John B. Murphy Auditorium, Chicago


This sweet potato-pear salad was one of the most memorable bits of the evening for me, food lover that I am. I was seated at a table with elderly couples who were all talking shop: investment funds and insurance minutiae. I wrote a short story in my head and formulated a recipe for this salad.

Unfortunately, the caterer had some unspecified problem with the rest of dinner and our entrees arrived nearly an hour after the tables in the front had been served. Our poor server was sweating as she faithfully filled our water glasses over and over while waiting for our food to arrive. Later during the mingling time I made friends with the photographer, the bartender, and the band, who knew every song The Carpenters and Anne Murray ever recorded. Thanks to my mom, I knew all the songs too.

So about this salad. A little cinnamon on steamed fruits and potato, a light fennel vinaigrette, toasted walnuts and some crispy potato flakes are about all you need, and you'll crave this over and over. It's filling enough for lunch, and the fruit/vegetable combo is perfect for a satisfying winter salad.
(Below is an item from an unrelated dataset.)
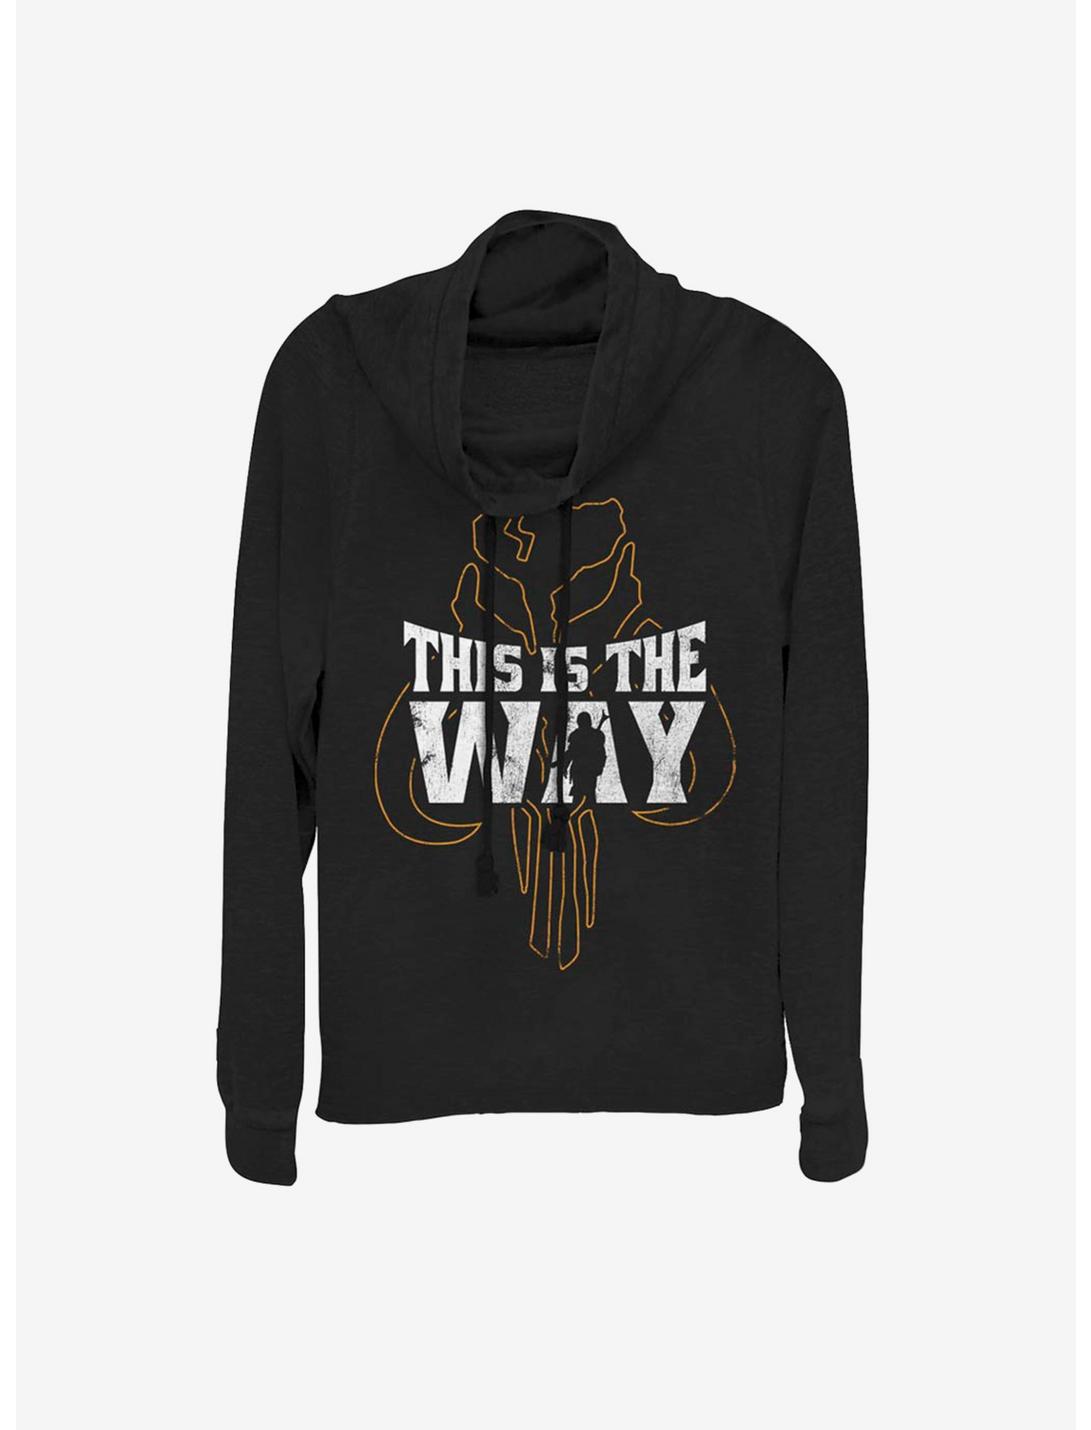 Star Wars The Mandalorian This Is The Way Silhouette Cowlneck Long-Sleeve Womens Top, BLACK, hi-res

If you want to listen to Anne Murray songs while you're eating it, I can recommend a few favorites.


Ingredients

For the dressing

1/2 cup olive oil
1/4 cup red wine vinegar
1/4 cup white vinegar
1/2 tsp sugar
1 tbsp Dijon mustard
3 drops hot sauce
1 tsp ground fennel seeds
1/2 tsp white pepper

For the salad

1 cup sweet potato, peeled and cubed
1 cup pear, cored and cubed
1 cup Red Delicious apple, cored and cubed
1/2 tsp cinnamon
1/8 tsp nutmeg
1/2 cup chopped walnuts
1/2 cup sweet potato, shredded
1/4 cup oil
6 cups mixed baby greens
1/3 cup shaved Pecorino-Romano cheese


Instructions

In a screw top jar, shake together the dressing ingredients. Hold at room temperature.

Microwave or steam the cubed potato, pear, and apple. The sweet potato will take a bit longer to steam than the fruit, so add the fruit after the potato is becoming tender. Toss the fruit with the cinnamon and nutmeg.

In a dry skillet, toast the walnuts on medium heat, shaking constantly, about 5 minutes, or until the nuts are slightly toasted and fragrant. Set aside. Heat the oil in the skillet on medium-high heat, then fry the shredded potato until crisp but not browned. Drain on paper towels.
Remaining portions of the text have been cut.